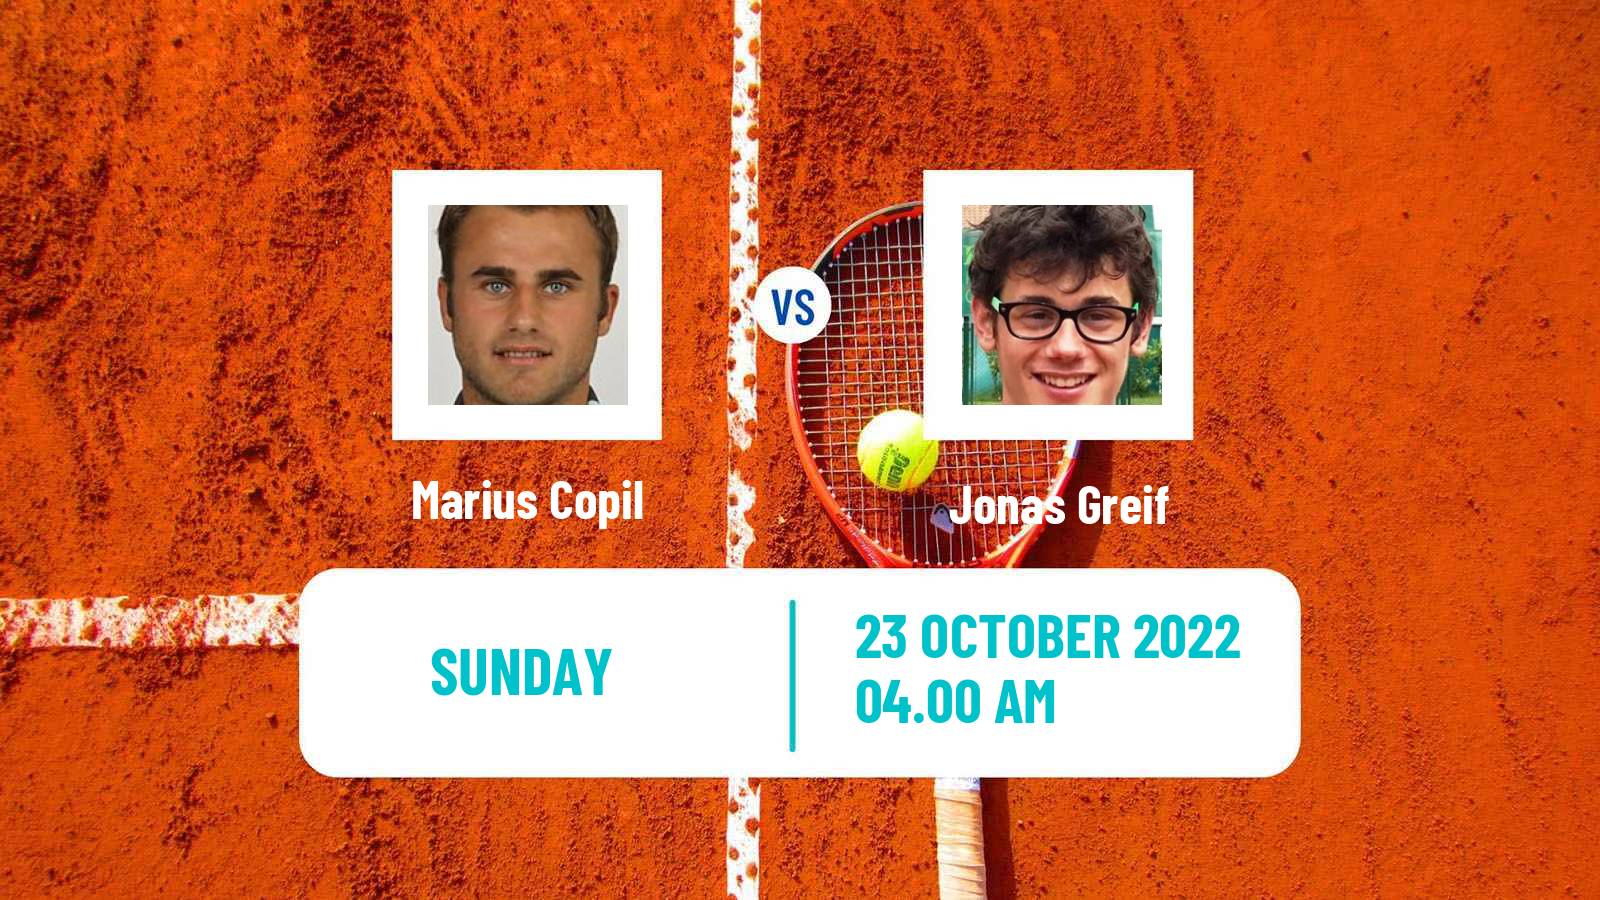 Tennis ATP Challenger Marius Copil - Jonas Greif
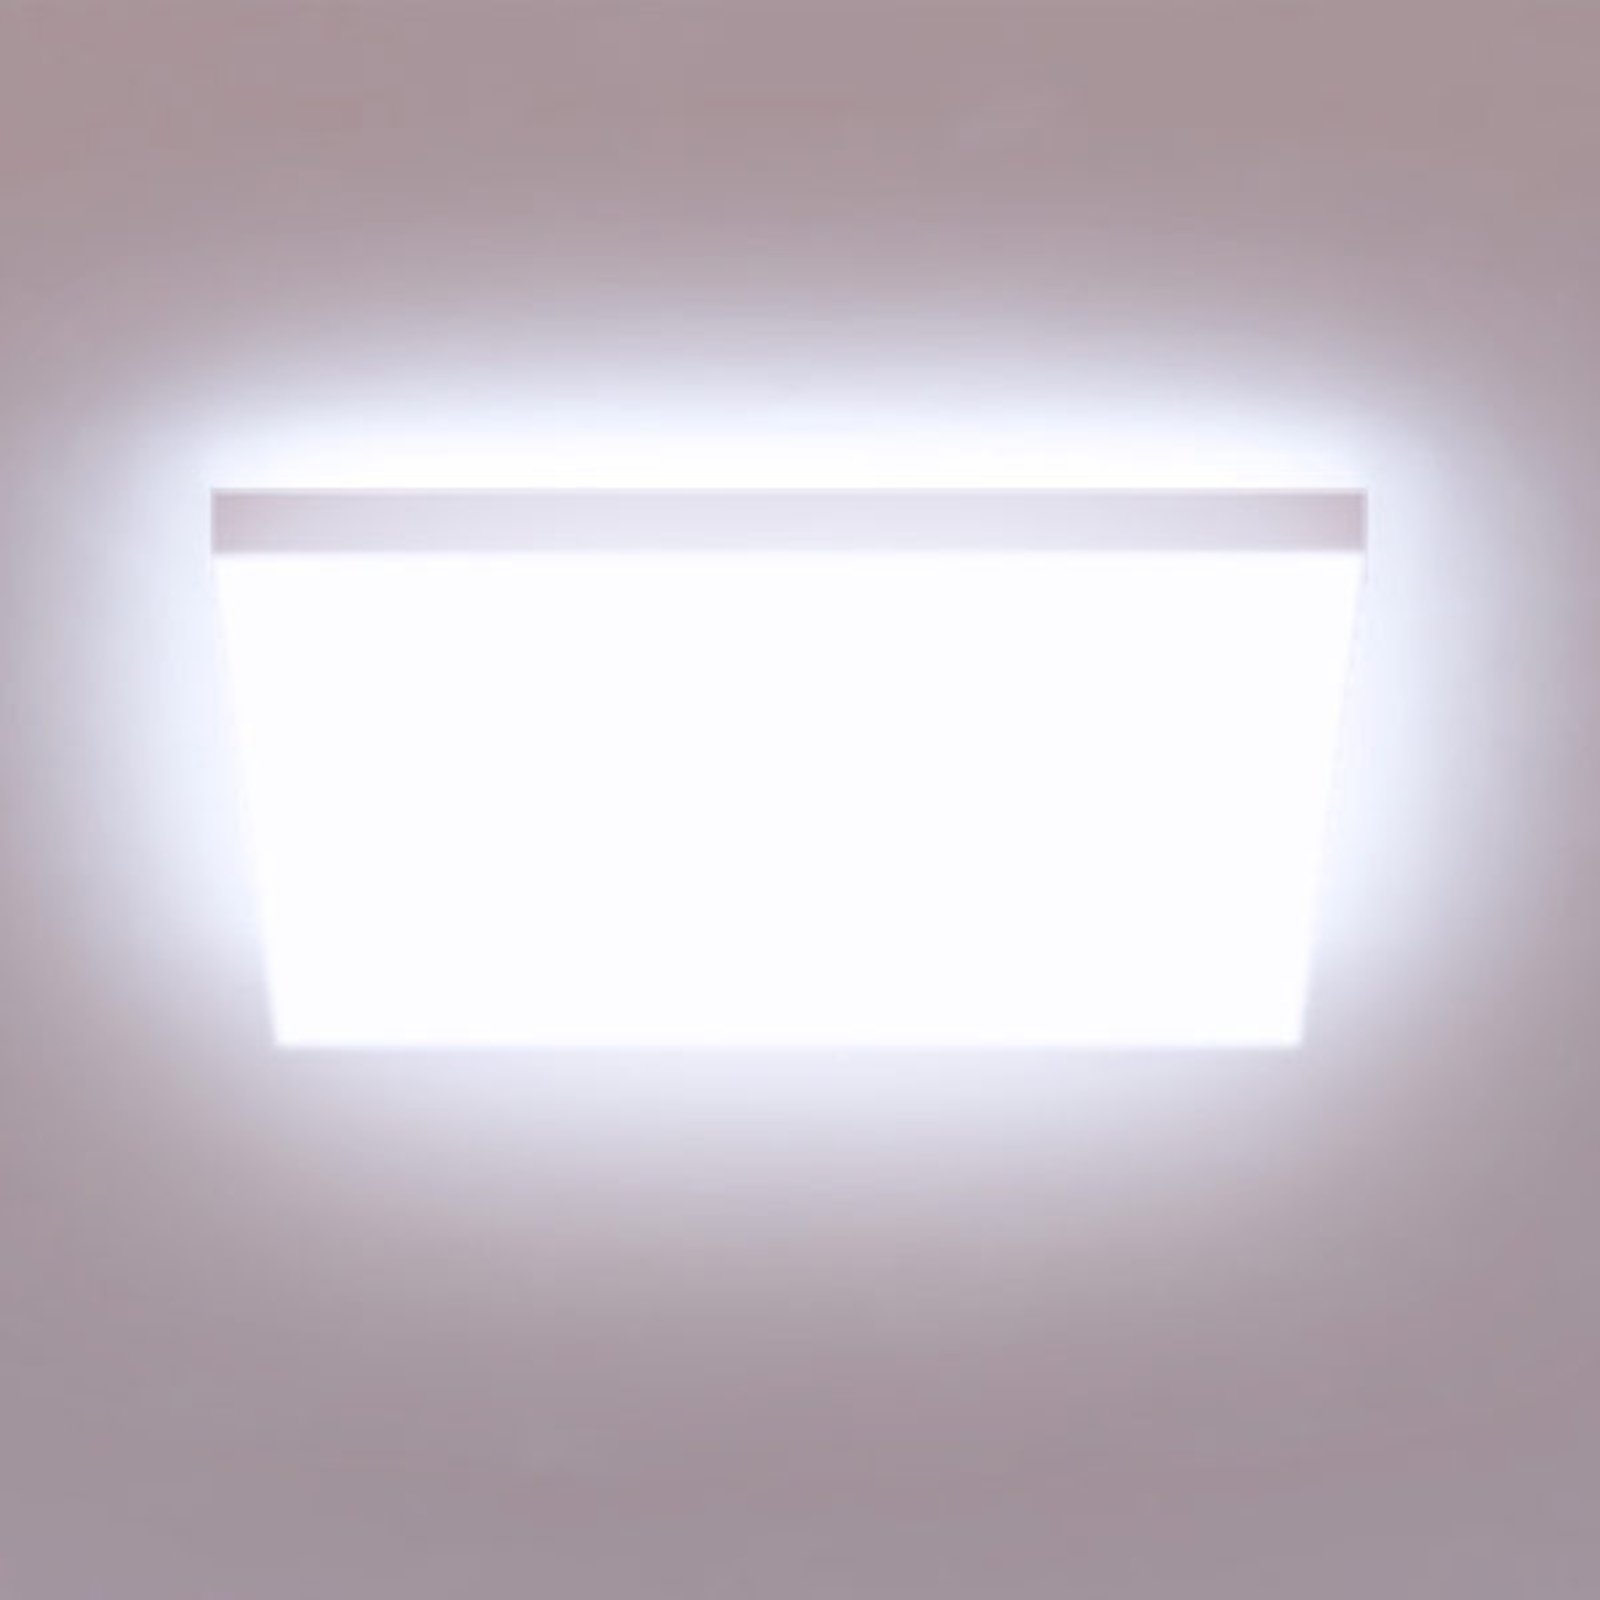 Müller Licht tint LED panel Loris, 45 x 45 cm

•••••

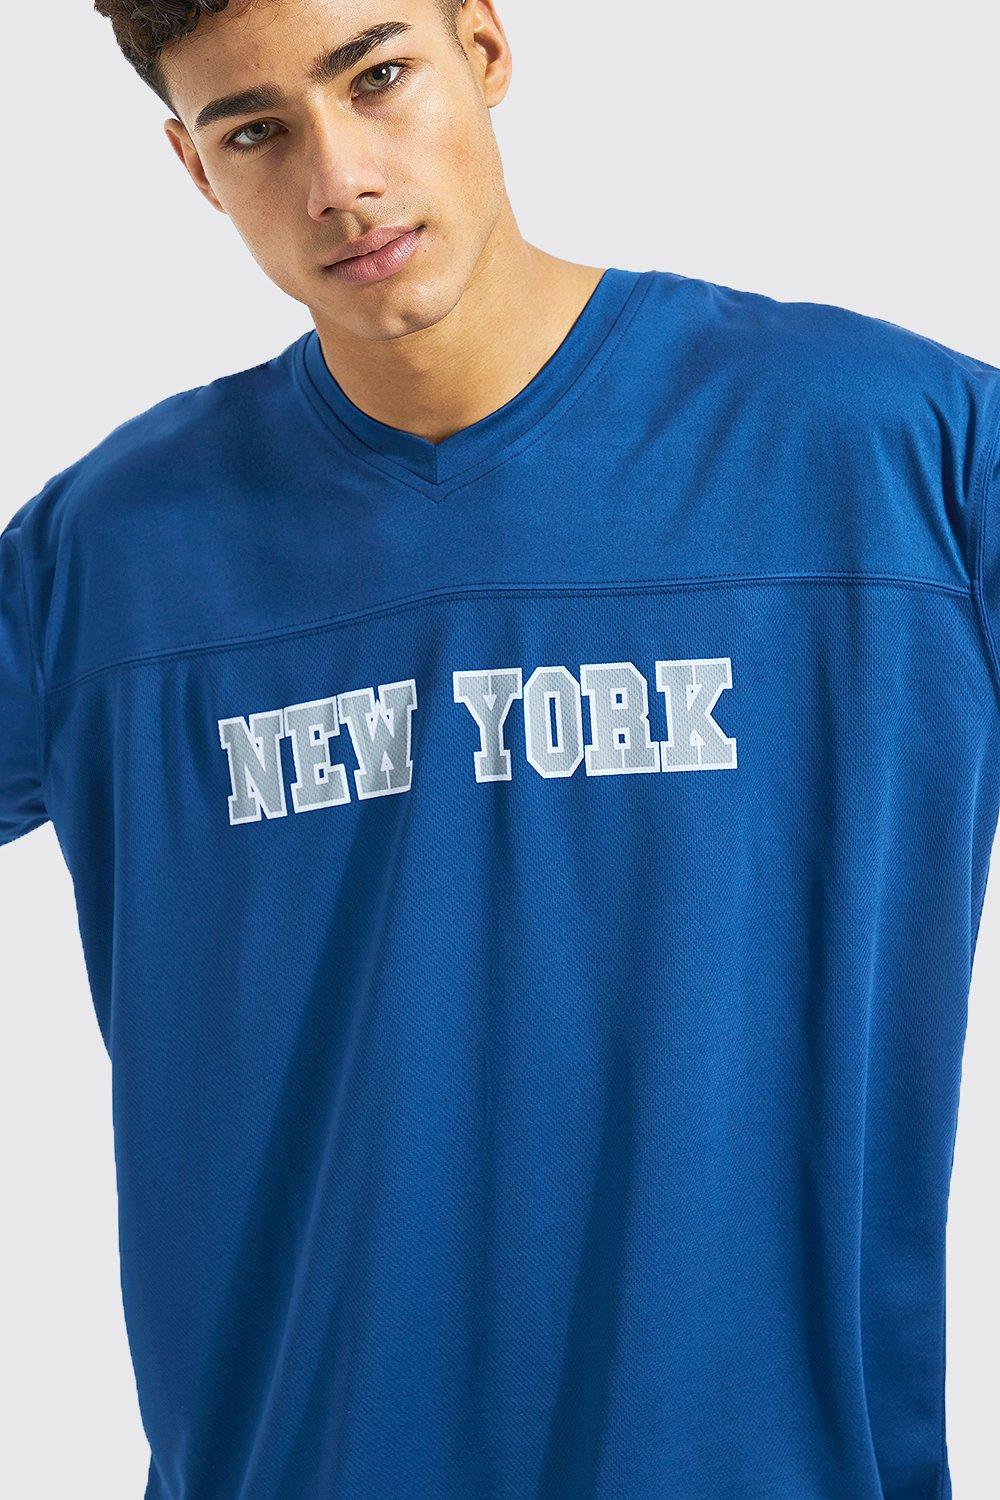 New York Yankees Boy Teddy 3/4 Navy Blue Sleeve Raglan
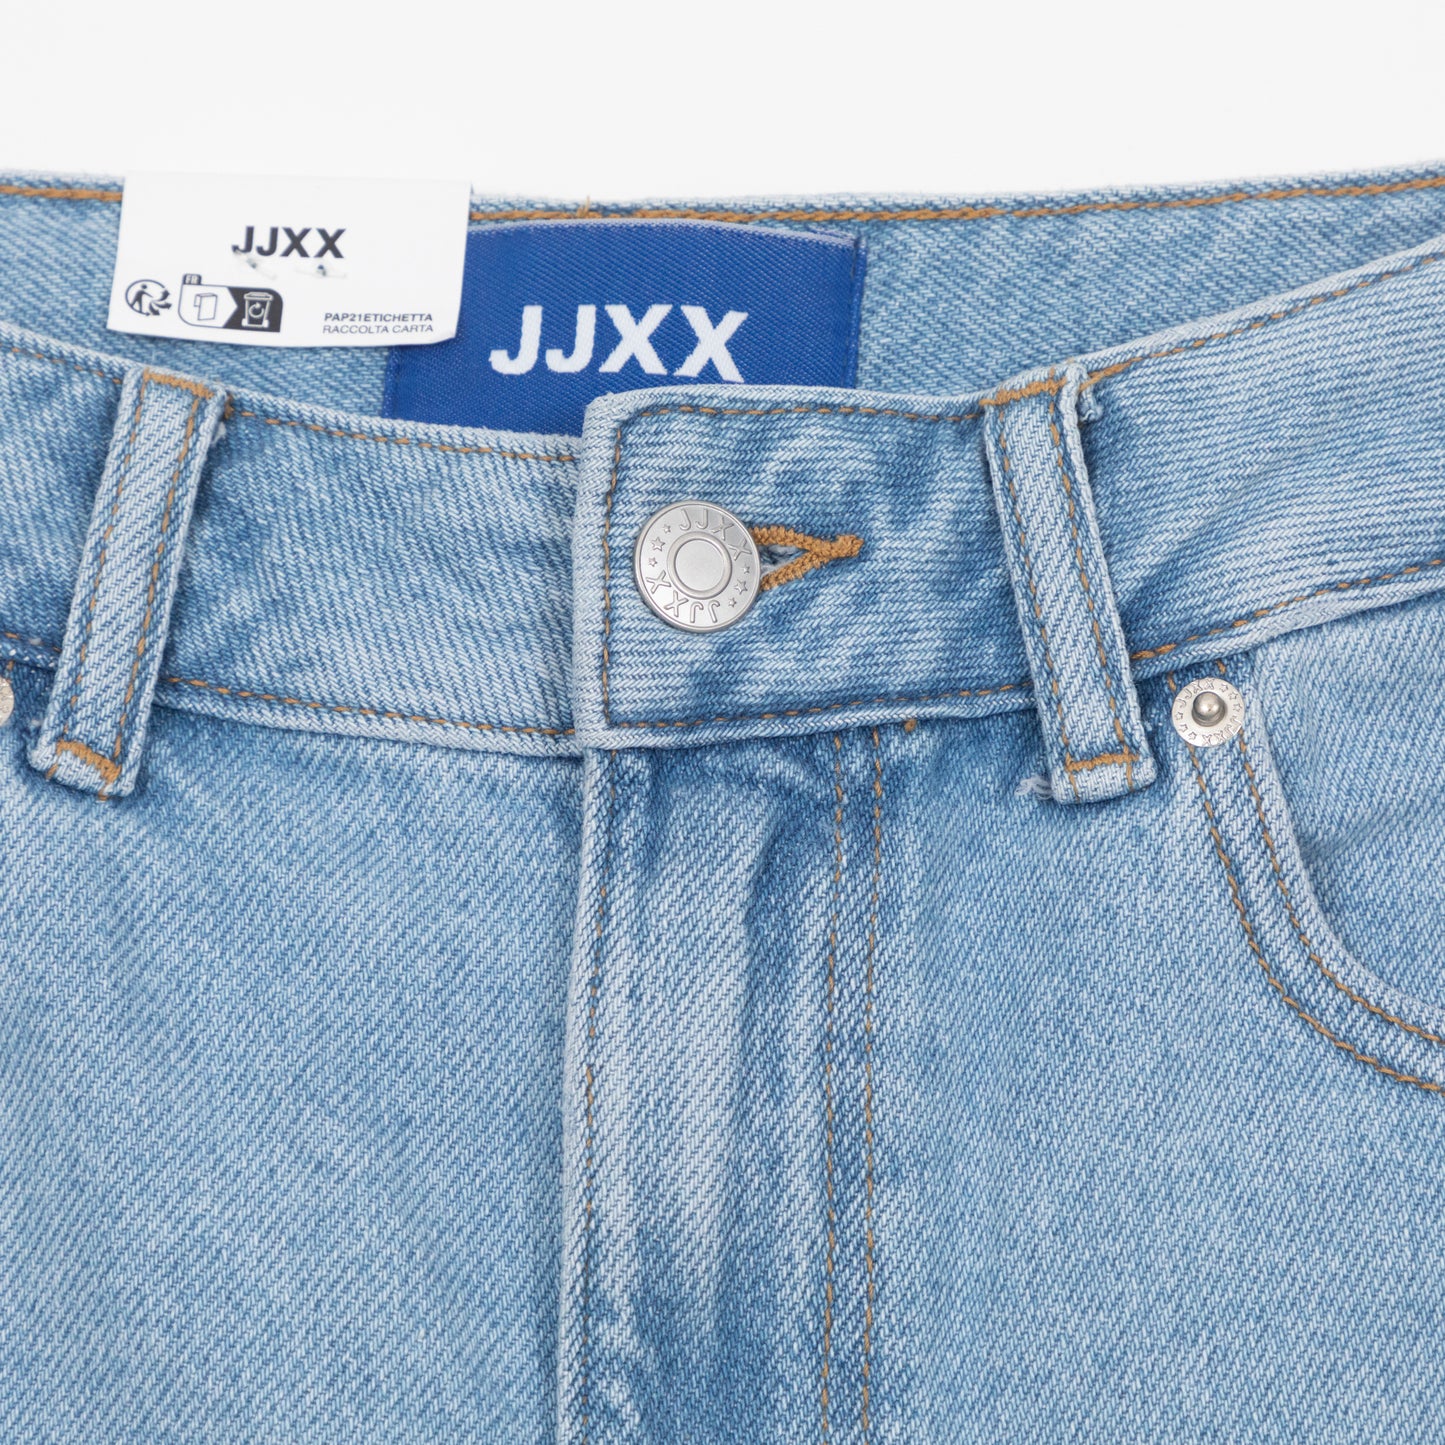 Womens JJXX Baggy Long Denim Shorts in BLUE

•••••

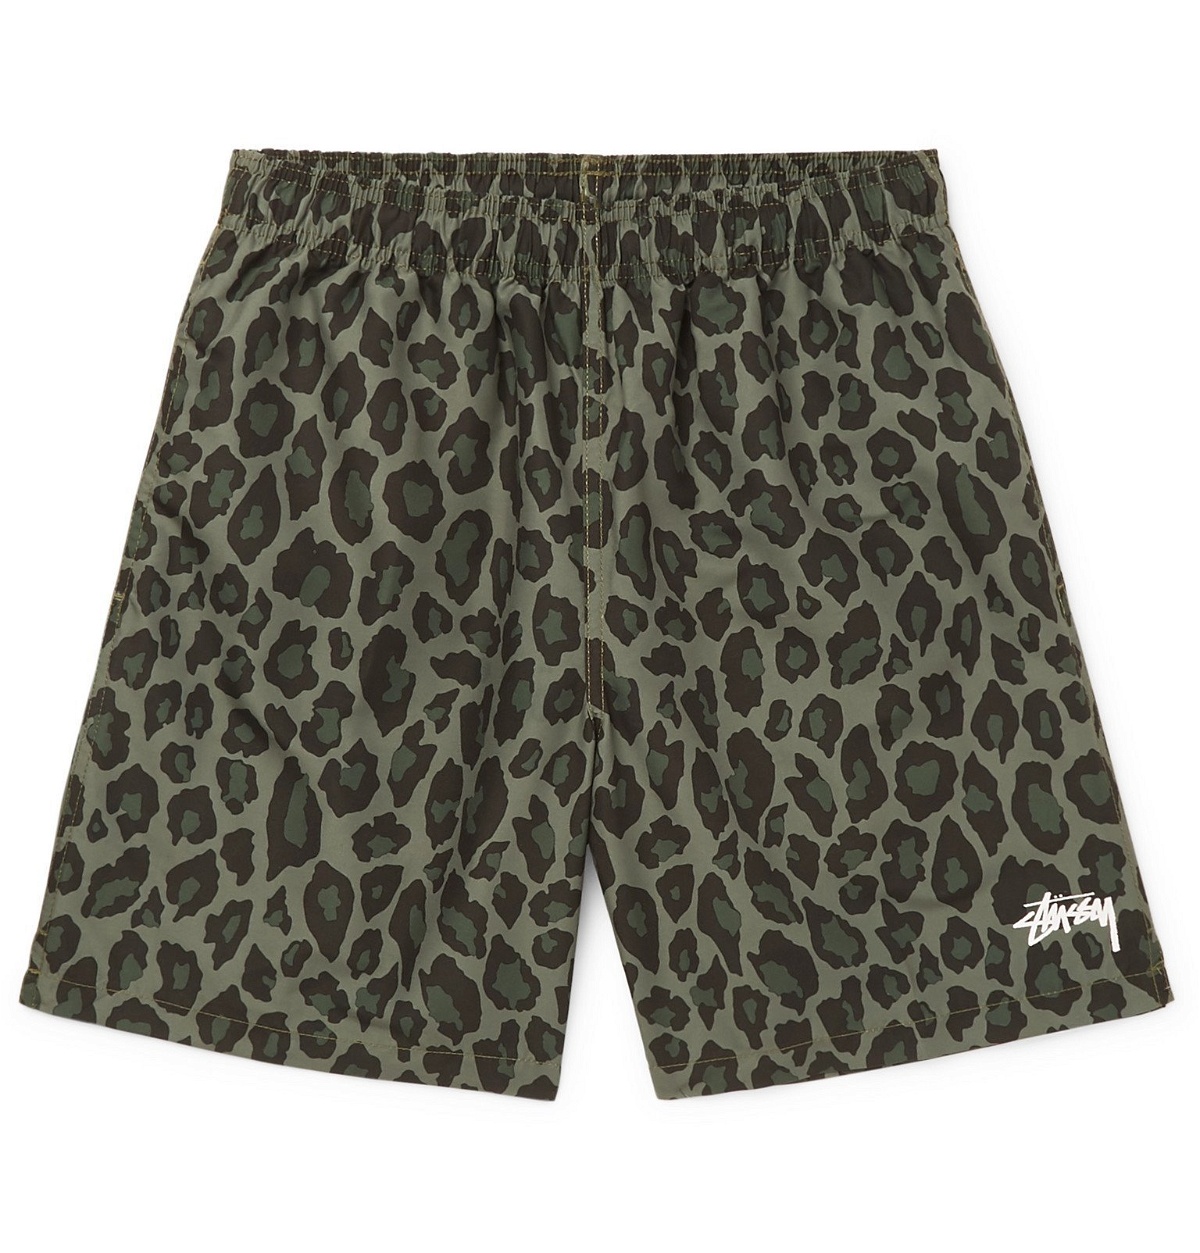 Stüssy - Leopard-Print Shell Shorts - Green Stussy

•••••

■ **WHAT THE TASK REQUIRES**: Given the listing above, retype only the span of lines from the line with "Tennis ATP Challenger" up to and including the line with "Müller Licht tint", exactly as it stands and without pictures.

■ **SOLVED PROBLEM**:
 Tennis ATP Challenger Marius Copil - Jonas Greif
 Müller Licht tint LED panel Loris, 45 x 45 cm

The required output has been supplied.